Methods: All patients with acute stroke in Copenhagen, Denmark between September, 1991 to 1993 were followed from time of acute admission to end of rehabilitation to six months post-stroke.  Time course of recovery was plotted.

Results:
Cohort: The cohort of stroke survivors consisted of 947 patients (53% female) of mean age 73.3.  The strokes were 93% ischemic and 7% hemorrhagic.  The median time between symptom onset and admission was 16 hours.  After rehabilitation, 19% were placed in nursing homes while 81% were discharged home.

Recovery: When assessed by the Scandinavian Stroke Scale (0-58 points, higher indicating milder deficits), best neurological recovery was reached in 80% by 4.5 weeks (95% CI: 4 to 5 weeks) and in 95% by 11 weeks (95% CI: 10.1 to 11.9 weeks) from stroke onset.  Best ADL function (measured by Barthel Index) was reached in 80% by 6 weeks (95% CI: 5.3 to 6.7 weeks) and in 95% by 12.5 weeks (95% CI: 11.6 to 13.4).

Initial Severe Functional Deficits: Severity of functional deficits were judged by the Barthel Index (scale of 0 to 100 with very severe disability in 0-20 and no disability with score of 100).  In those with very severe initial disability (index of 0-20), best ADL function was reached in 80% of patients within 11 weeks (95% CI: 10-12) and in 95% within 17 weeks (95% CI: 15-19).

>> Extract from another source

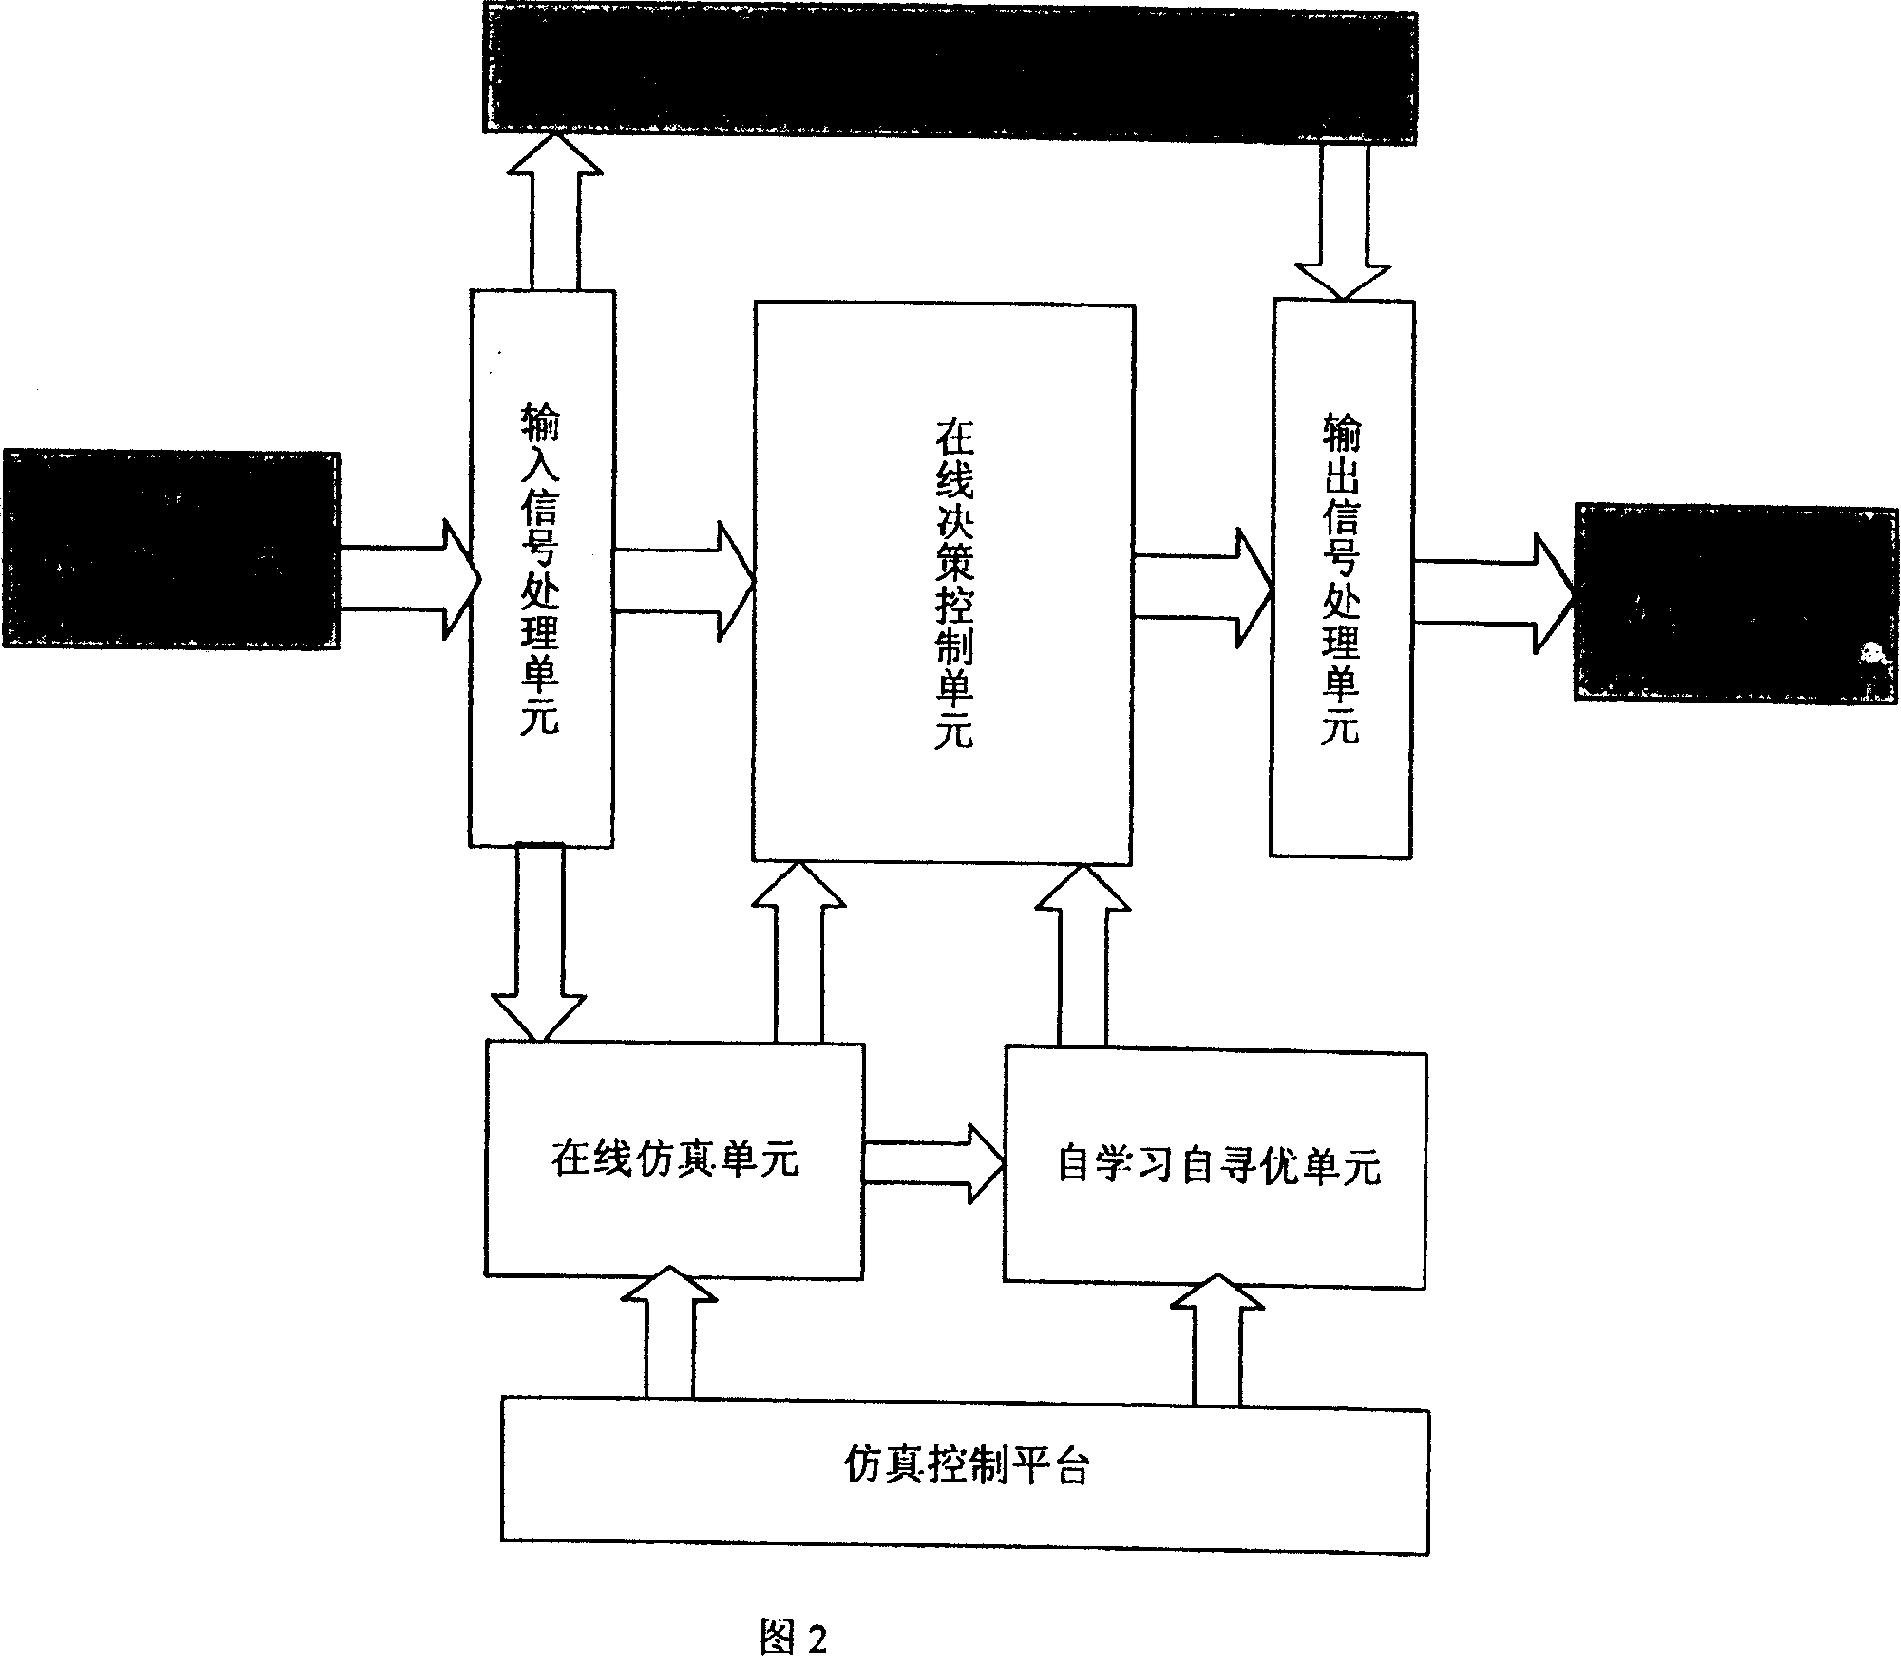 Controlling method and system for digital steel-ball coal grinder

Initially Mild Disability: In those with mild disability (Barthel Index 75-95), best ADL function was reached in 80% of patients within 2.5 weeks (95% CI: 2-3) in 95% of patients within 5 weeks (95% CI: 4-6).  

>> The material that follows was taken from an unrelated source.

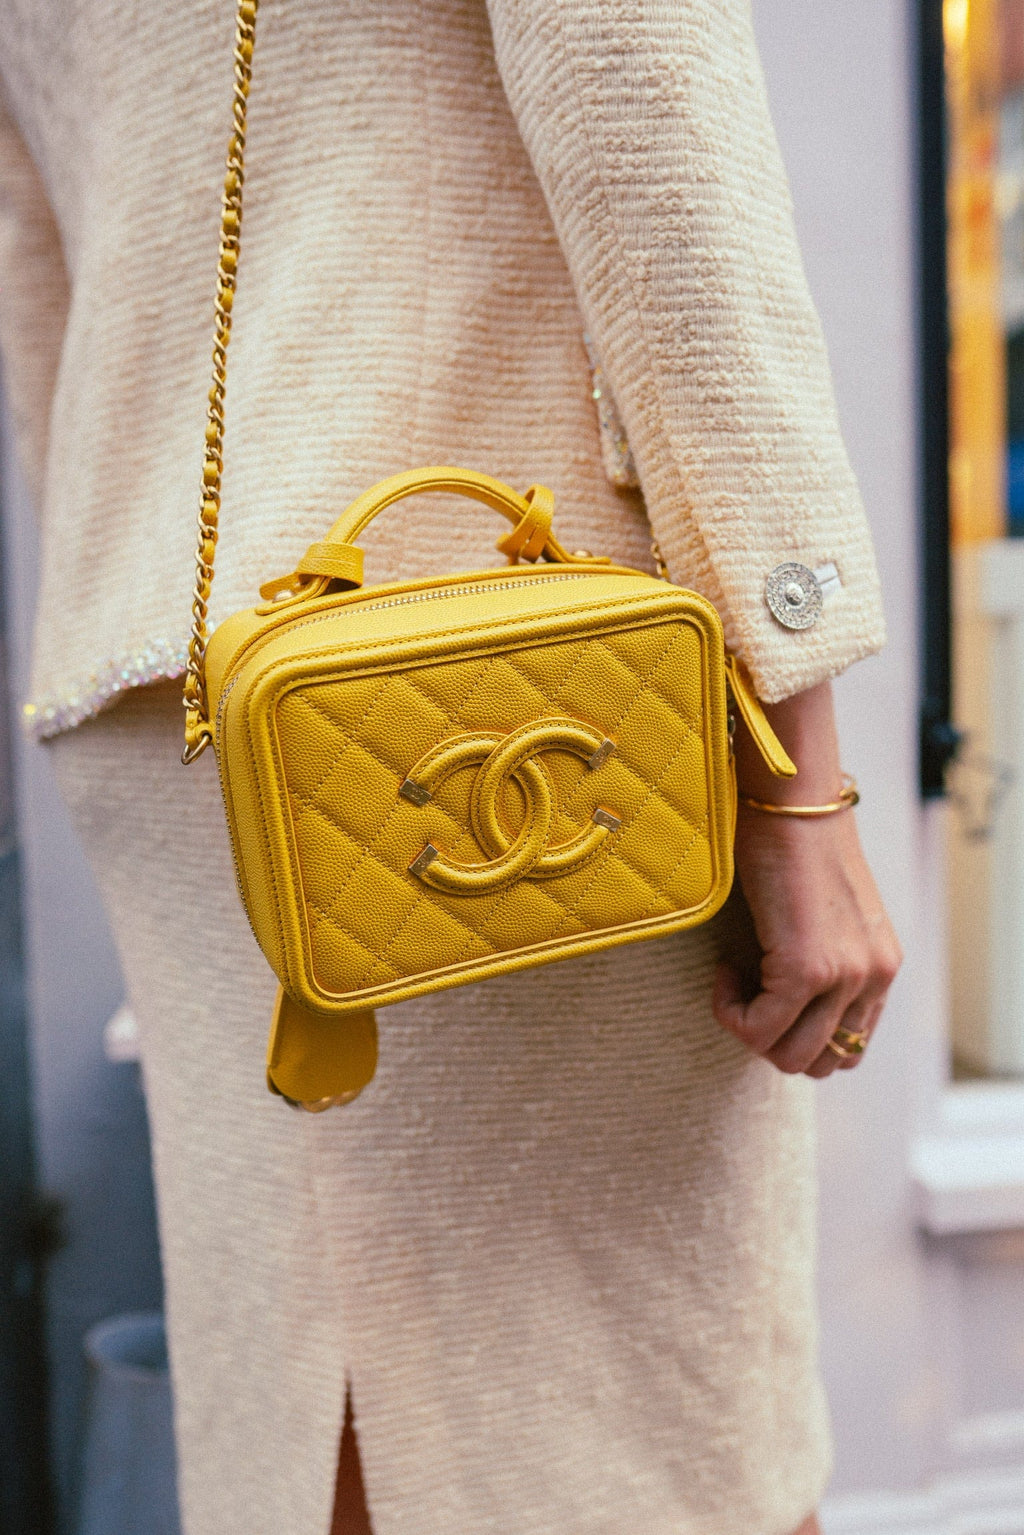 Chanel AP2198B06660 Small Vanity Case Yellow / NG754 Calfskin Shoulder Bags GHW

Discussion: In this remarkable study with 100% follow-up of all stroke patients in Copenhagen over two years, the overall message is that 95% will regain their best ADL function in about three months.  The rate of recovery is slower in those with more severe disability and more rapid in those with mild disability.  However, even in those with very severe initial functional deficits, best ADL function was reached in 17 months.  For general counseling purposes, an appropriate summary statement might be that mild strokes take about a month to regain best function while severe strokes take about four to five months to regain best function.  While this study is well done, some cautionary aspects are that (1) acute stroke therapy has changed since  the study, and (2) physical therapy has changed since the early 1990s.  How these aspects change the natural history of stroke disorders is unclear.  Also note that this study also talks about the rate of recovery and not the extent of recovery.